Wendy Smoak Wiki: TomcatKerberosConfigOnly

Changing Tomcat 5.0's jsp-examples webapp from UserDatabase? to Kerberos by modifying only config files

Currently, the URL http://localhost:8080/jsp-examples/security/protected/index.jsp is protected by form-based authentication. Users and Roles are configured in tomcat-users.xml.

This page explains how to use Kerberos for authentication by modifying only configuration files. For other options, see: TomcatKerberos.

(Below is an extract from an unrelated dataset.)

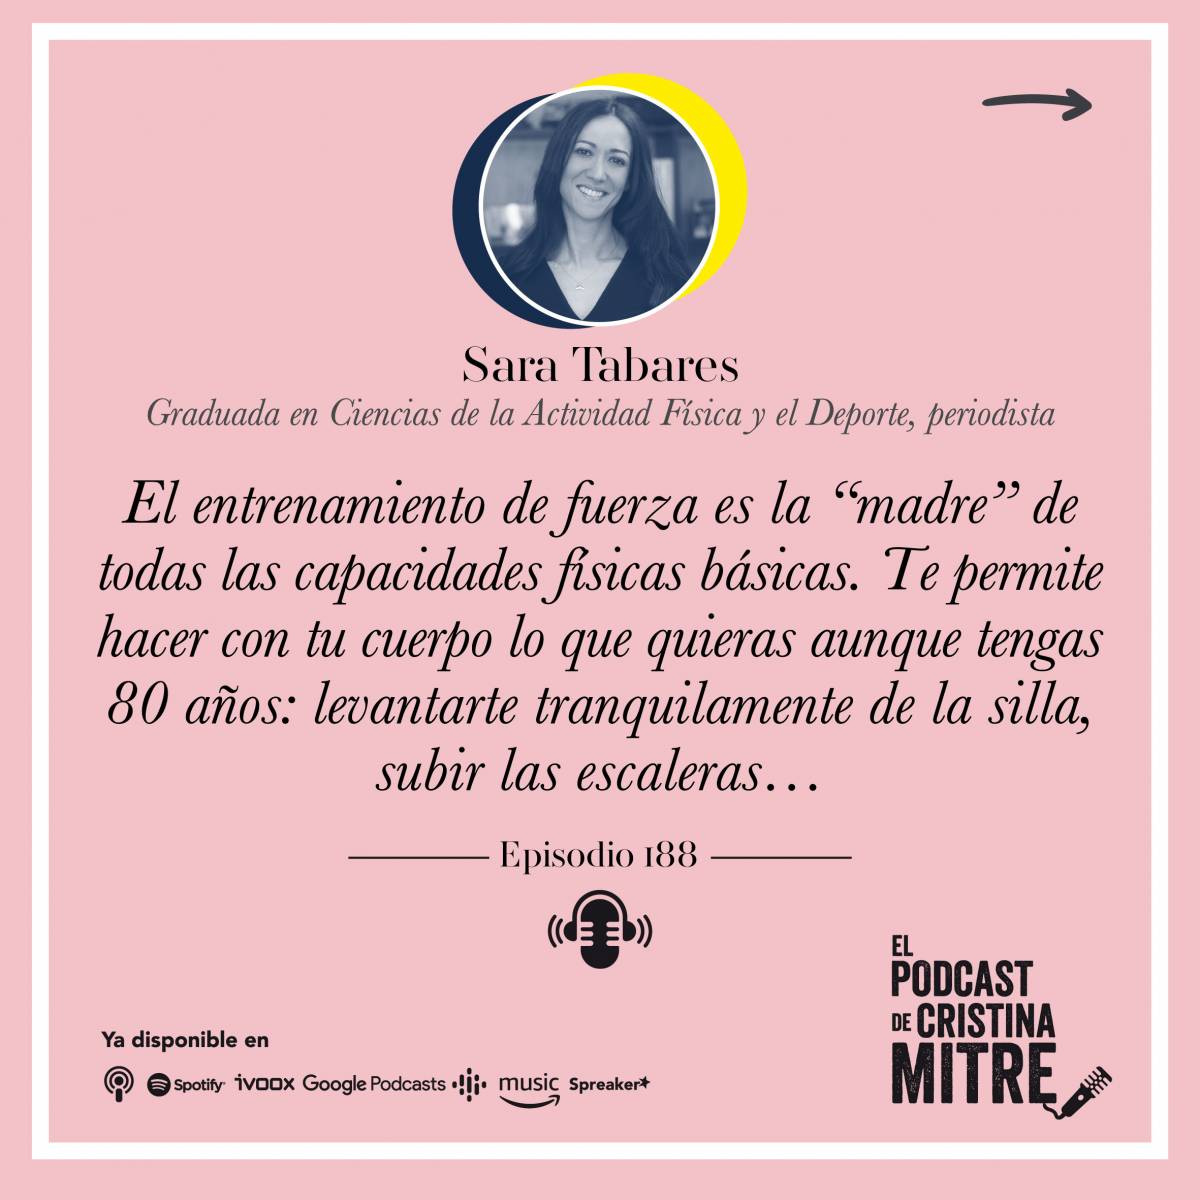 El podcast de Cristina Mitre Sara Tabares Fuerza

Add the JAAS configuration file to $TOMCAT_HOME/conf

jaas.conf

Tomcat {
  com.sun.security.auth.module.Krb5LoginModule required;
};

Start Catalina with these environment variables:
- java.security.krb5.realm=<your realm>
- java.security.krb5.kdc=<your kdc:port>
- java.security.auth.login.config=$CATALINA_HOME/conf/jaas.conf

catalina.bat (all on one line!)

set JAVA_OPTS=-Djava.security.krb5.realm=<your realm> 
              -Djava.security.krb5.kdc=<your kdc:port> 
              -Djava.security.auth.login.config=$CATALINA_HOME/conf/jaas.conf

Configure the JAASRealm

server.xml

      <Realm className="org.apache.catalina.realm.JAASRealm"
                 appName="Tomcat"
                 userClassNames="javax.security.auth.kerberos.KerberosPrincipal"
                 roleClassNames="javax.security.auth.kerberos.KerberosPrincipal"
                 useContextClassLoader="true"
                 debug="99"/>

Sun's [Krb5LoginModule] comes back with *one* [KerberosPrincipal] with 'name' equal to the userid @ the Kerberos realm.

Add an auth constraint matching the user and Kerberos realm.
Add a security role matching the user and Kerberos realm.

$TOMCAT_HOME/webapps/jsp-examples/WEB-INF/web.xml

    <!-- Anyone with one of the listed roles may access this area -->
    <security-constraint>
      ...
      <auth-constraint>
         <role-name>tomcat</role-name>
         <role-name>role1</role-name>
         <role-name>wsmoak@ASU.EDU</role-name>   <!-- added -->
      </auth-constraint>
    </security-constraint>

    <!-- Security roles referenced by this web application -->
    <security-role>
      <role-name>role1</role-name>
    </security-role>
    <security-role>
      <role-name>tomcat</role-name>
    </security-role>
    <security-role>
      <role-name>wsmoak@ASU.EDU</role-name>  <!-- added -->
    </security-role>

Try it out:
- Restart Tomcat
- navigate to http://localhost:8080/jsp-examples/security/protected/index.jsp
- Log in with your Kerberos userid and password

For other options, see TomcatKerberos.